*Directions for this task*
Copy task for the material below: print the line with "Free Printable Wedding" and every line after it to the end, exactly as written, without the pictures.

Dataset extract Block Start

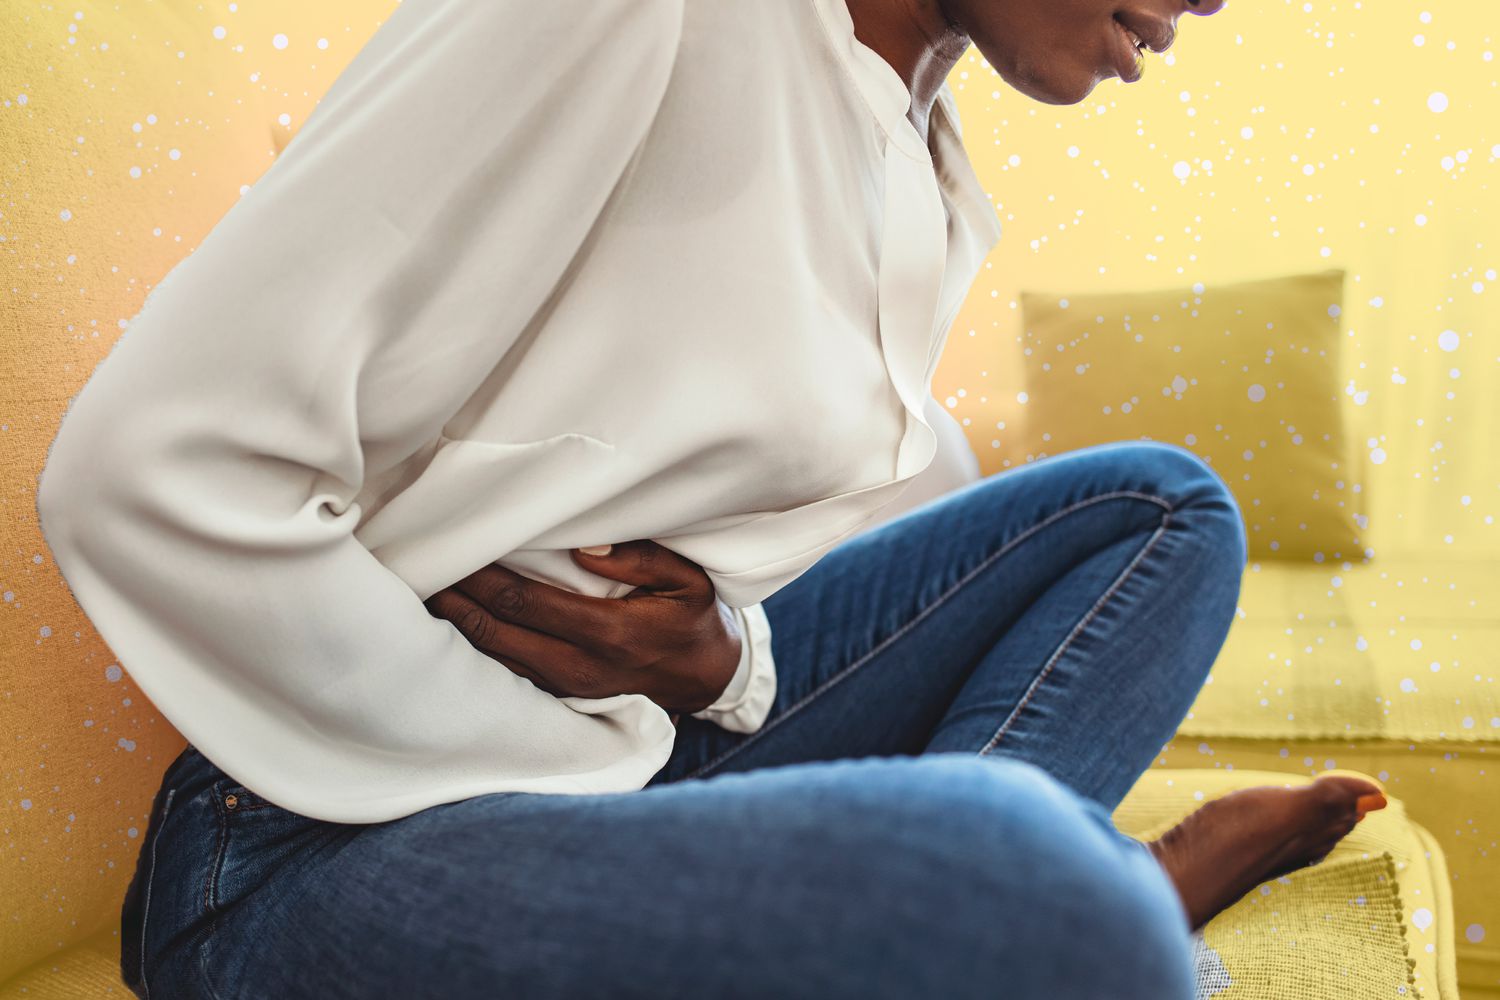 person crouching over with stomach pain on a designed background
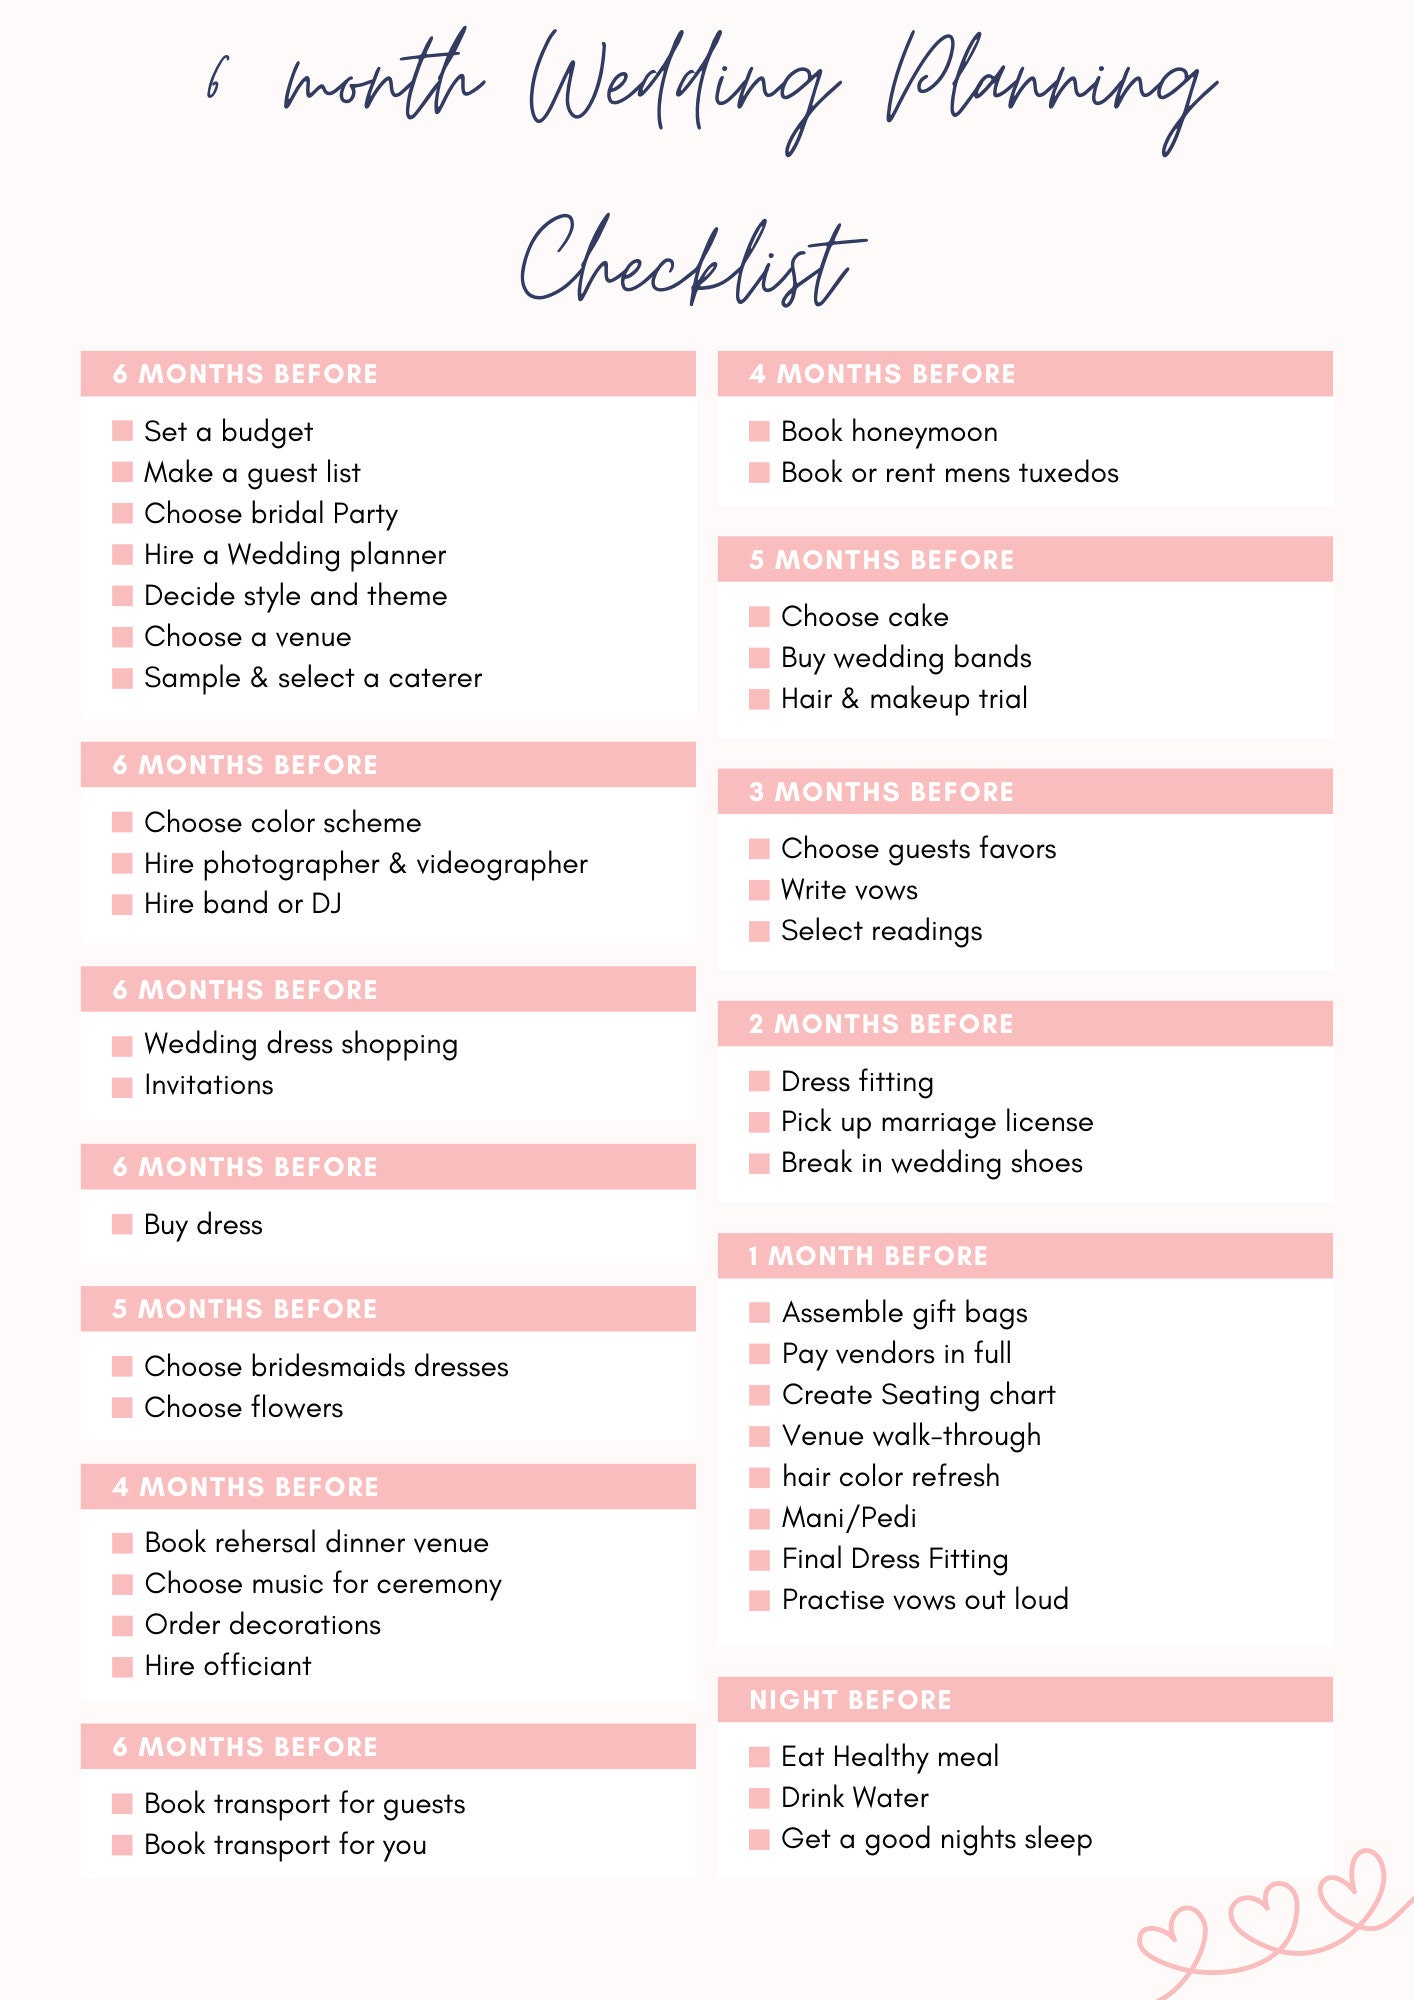 Free Printable Wedding Planning Checklist For 3 Months Before Your 
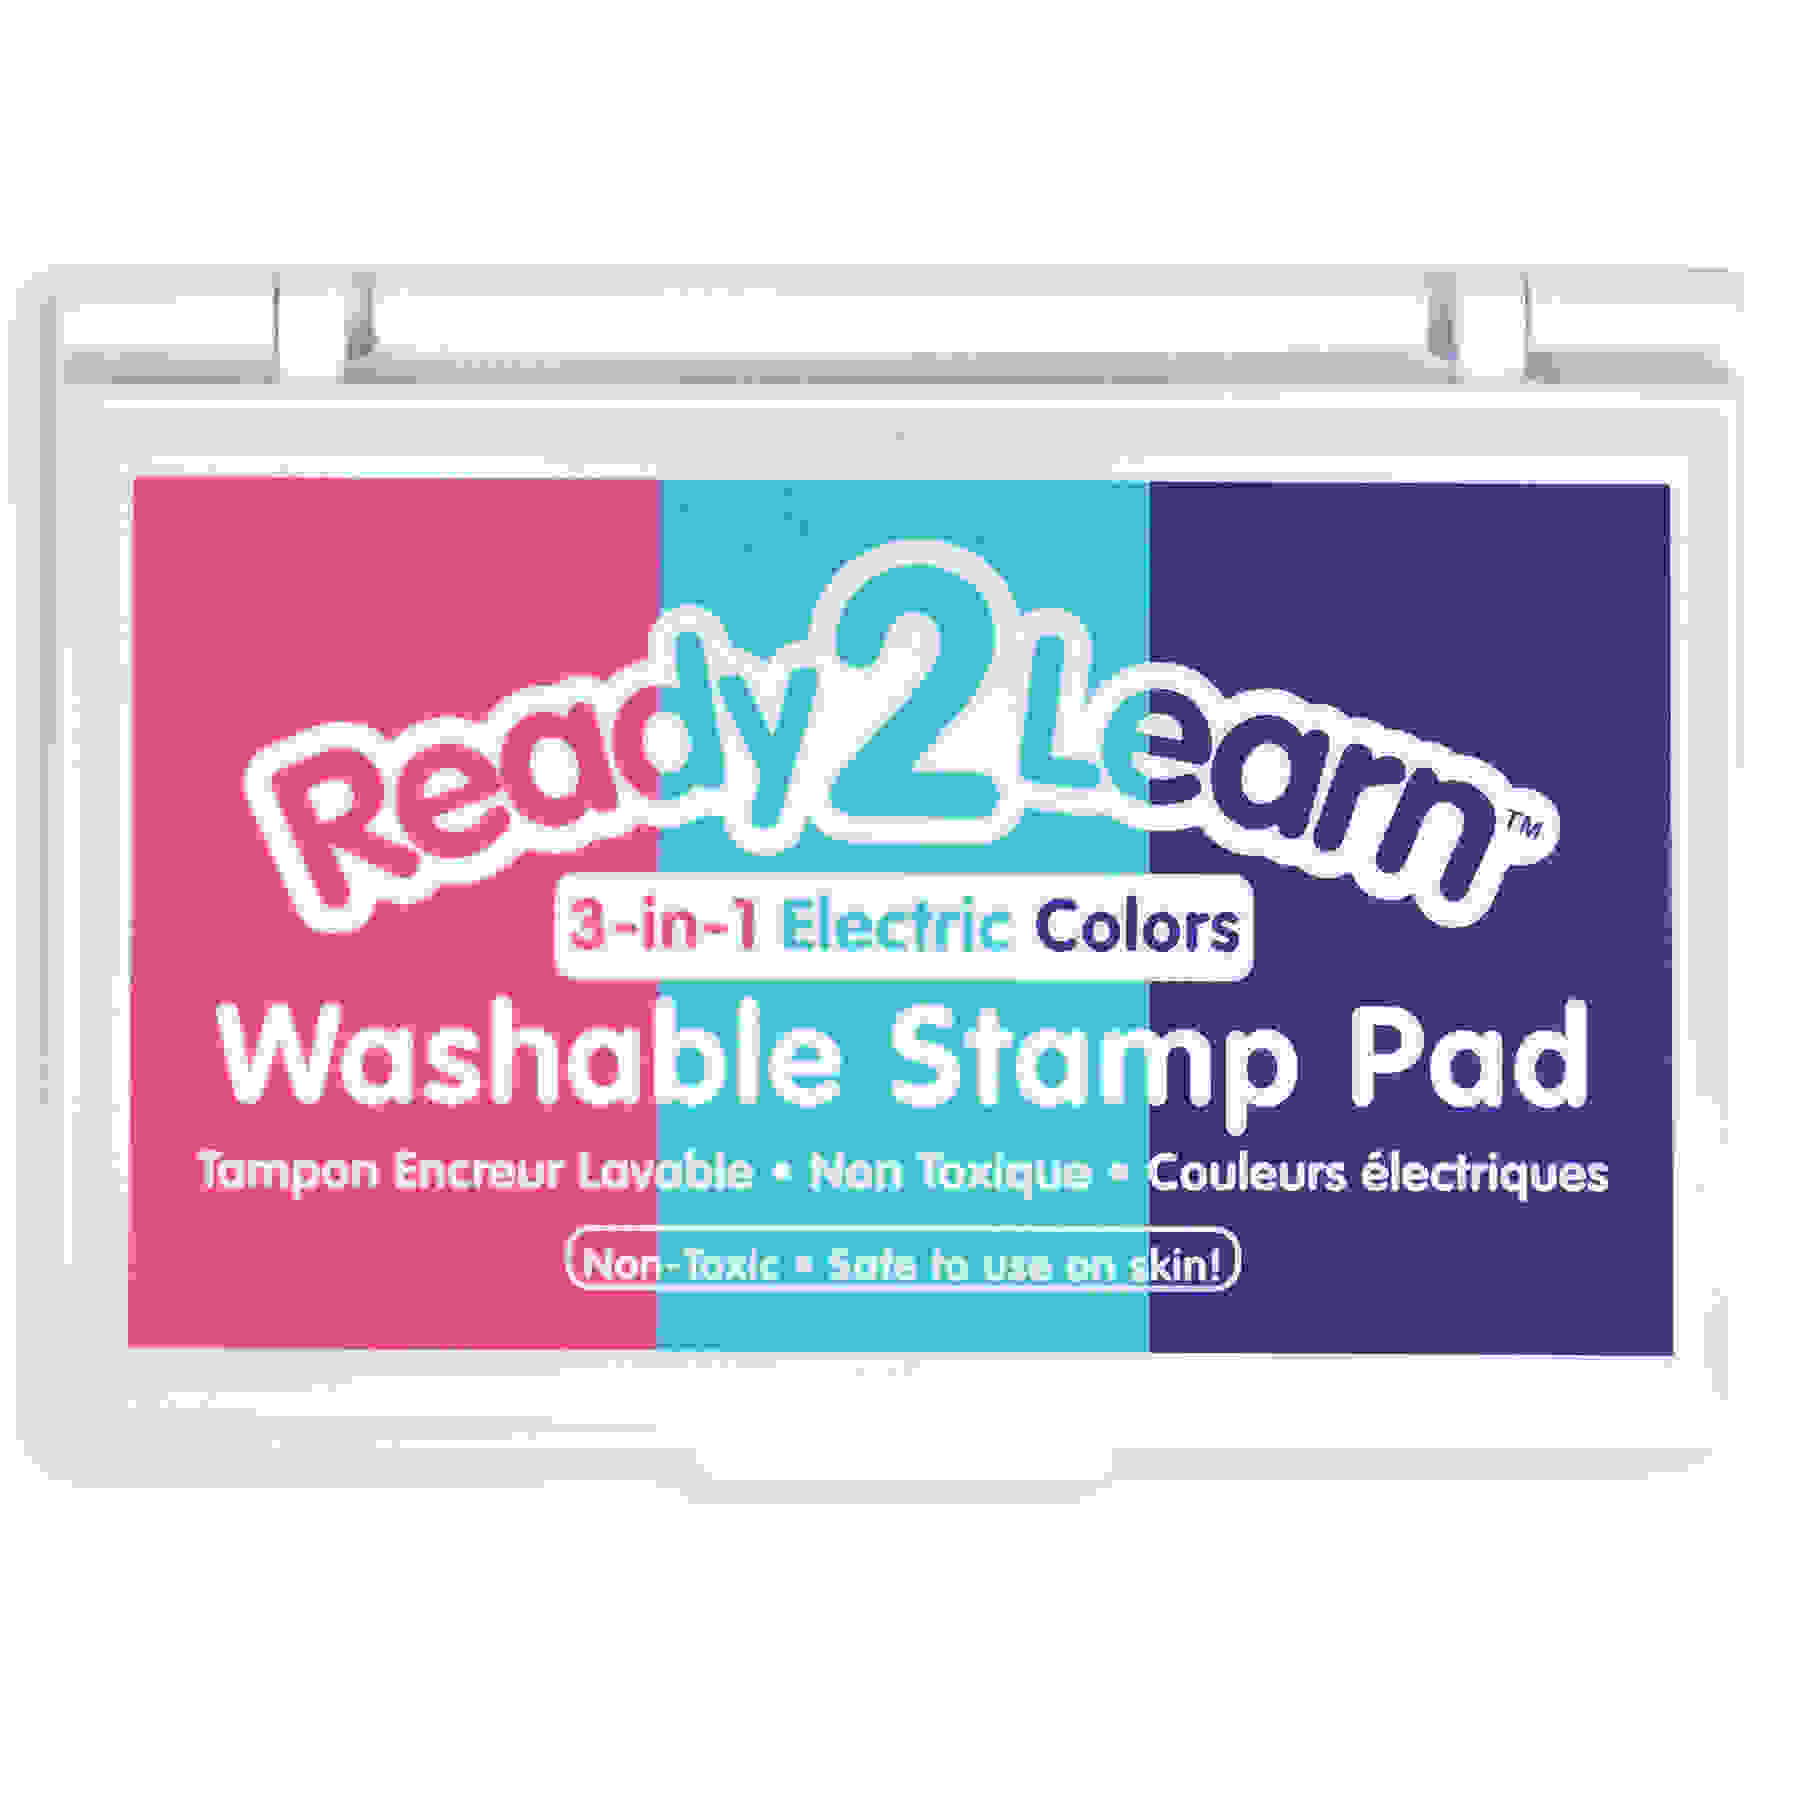 Washable Stamp Pad - 3-in-1 Electric Colors

Dataset extract Block End

*Answer to the problem*
 Free Printable Wedding Planning Checklist For 3 Months Before Your 
 Washable Stamp Pad - 3-in-1 Electric Colors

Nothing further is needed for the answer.